Ex has been pissing me off. He keeps seeing ow on a Friday night when he has the kids. He has 5 other nights he could see her including Saturday. The kids want to just chill out and have time with just him. It upset me when dd said she couldn't go in her dad's room to see him in the morning because she was there.
He also told them they couldn't go bowling on Friday night because he was short of money until payday - 25th. Yet he tagged himself out in a bar with her on Saturday night and having Sunday dinner in a pub the following day. I can see straight away where his priorities lie and sadly I don't think it is with his kids.

OP posts:
nigelforgotthepassword · 18/01/2017 13:03

And unfortunately as they get older the kids will also come to realise where his priorities lie.Thankfully they have you to rely on.
He needs to have a good look at himself.Thats all there is to say.Nothing you could say to him would make him either see what he's doing is in any way wrong and too soon for the kids, or change it.

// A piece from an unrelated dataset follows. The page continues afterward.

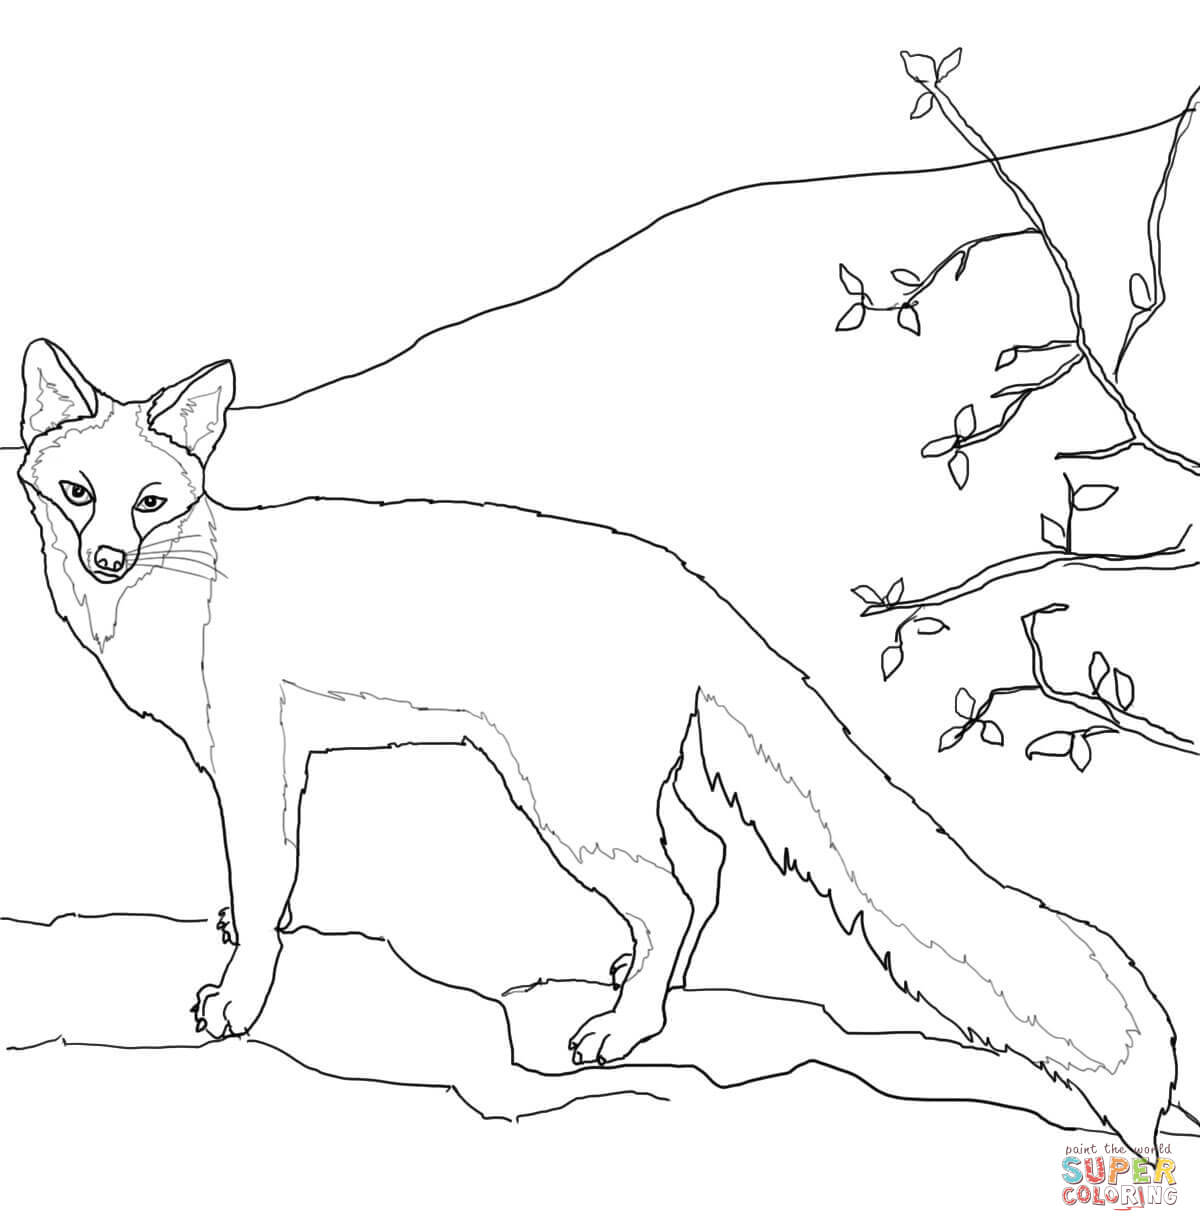 Swift Fox coloring #11, Download drawings

Solicitors are a law unto themselves. Everything takes ages or else they are in a massive hurry-nothing in between it seems!

aleC4 · 25/01/2017 22:23

Hi, still here. Been neglecting my thread a bit of late. I really must come back to it, it helps me so much to write things down.
Things are plodding along here. My mortgage is all signed off from the lenders point of view. However, now my solicitor won't complete until they know my ex has taken legal advice. They need the Deed of Transfer signed by him in the presence of a solicitor. I guess this is fair enough and it is really a good thing for me, it means he has no comeback further down the line.
I have had to ask him to instruct a solicitor and give me the details. He said he has instructed one but is waiting fir their details. I don't think he is dragging his heels because he wants this done as much as I do but I can't help but feel suspicious. I am ready for a letter from his solicitor stating he wants more money even though he has been happy with the figure all along.
It is still all so stressful. I honestly thought getting the mortgage would be the hard bit but it is still dragging. He has gone quiet as well and did not answer a text I sent him about the solicitor. Very unlike him, especially as I have seen him tonight.
I hope I am wrong to be suspicious and worried but I have a nasty feeling I am about to be entered into a big fight. 😔

OP posts:
kaitlinktm · 26/01/2017 09:00

Your instincts are likely to be right as you know him best. I think it's despicable how these men can suddenly not want the best thing for their children and it becomes all about them. Does your solicitor think he has a case for asking for more money?

nigelforgotthepassword · 26/01/2017 10:07

Fingers crossed that he chooses not to compound his frankly crap behaviour by then being greedy about the finances on top.
But steal yourself op just in case.if my experience is anything to go by it wouldn't be surprising if he started cocking about at the final hurdle.